MarketWatch: You mention that there’s good reason to cancel other types of debt. Do you see student-debt cancellation as a lead-in to those other possibilities?

Perry: Student-debt cancellation for me is akin to medical debt — both debts, for me, come from systems that we need to change. We need to change the higher education system and we need to have a healthcare system that provides healthcare to individuals who need it and not have them pay for it. Those two are big ones for me.  

MarketWatch: In your book there are moments where you talk about your personal experience. At what point in your life did you realize that your personal experience was part of these broader issues?

Perry: You realize it when you’re on a panel and people are talking about Black people as if you’re not Black, as if your experiences somehow are different from the Black people that scholars are talking about.  

One of the questions I get all the time when people learn that my father was murdered in jail — they’ll say, “Why are you so different?
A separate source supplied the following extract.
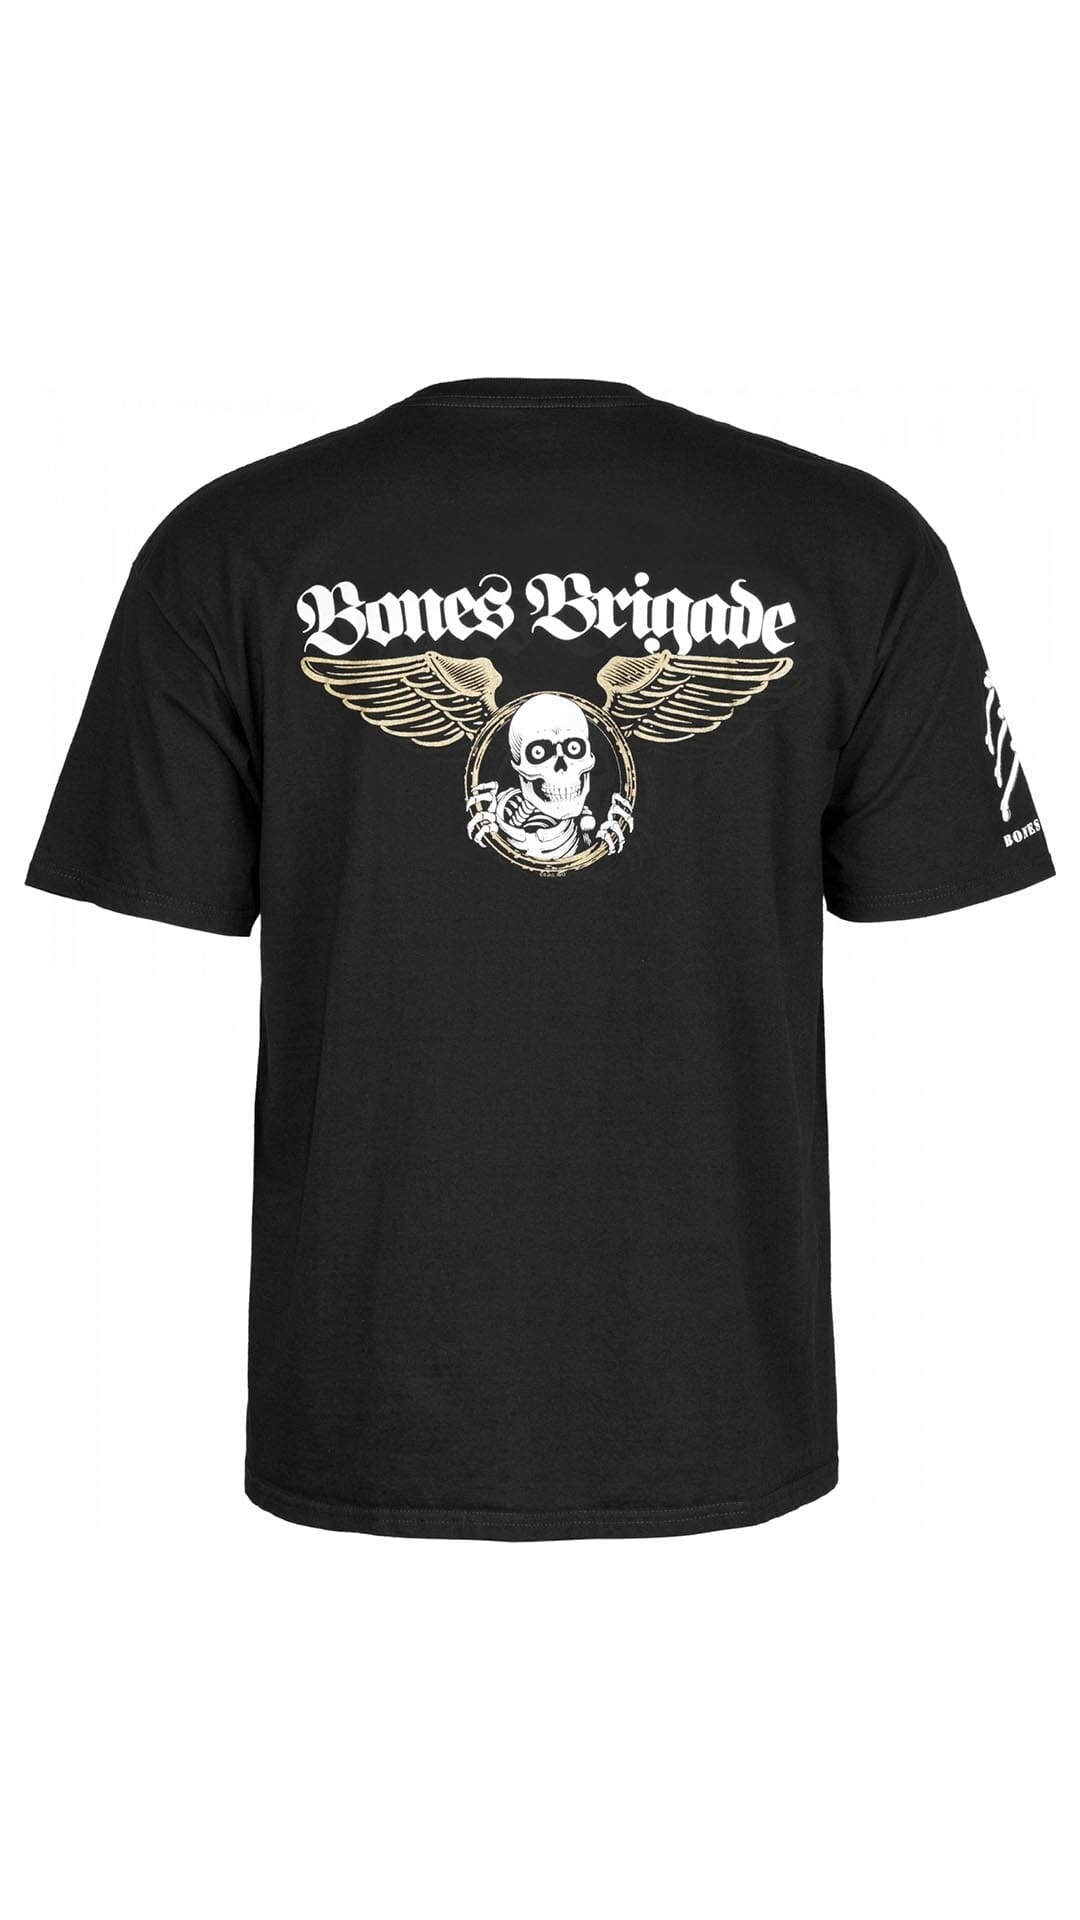 Powell Peralta Bones Brigade An Autobiography Black T-shirt PREORDER - Camiseta Ropa Powell Peralta

How did you end up so different from your father?” I say, well, I am no different. I share genetics, I grew up in the same kind of neighborhood, same family background. We have systems that scoop up potential scholars every single day; I’m no different. 

You have policies that if someone who was a fact-based Black person was in the room, it would not have gone down.  Can you imagine how the Moynihan Report — in which they effectively blamed Black women for the state of Black America — can you imagine what that would have looked like if Black women scholars were in the room, working on these policies? The Moynihan report would not have looked the way that it did.

[Editor’s note: The report produced by then-assistant Secretary of Labor Daniel Patrick Moynihan in 1965 said that “at the heart of the deterioration of the fabric of Negro society is the deterioration of the Negro family.”]

I want to bring my personal stories into view, because I also want all scholars to do the same. Scholars of privilege need to acknowledge their privilege; they need to show how their worldview shapes their research, just as my worldview shapes my research. It’s impossible to separate yourself from your upbringing. 

In this case, we are realizing that Black perspectives really bring insights that are desperately needed for democracy to work — so I think my work is getting a lot of attention because of that.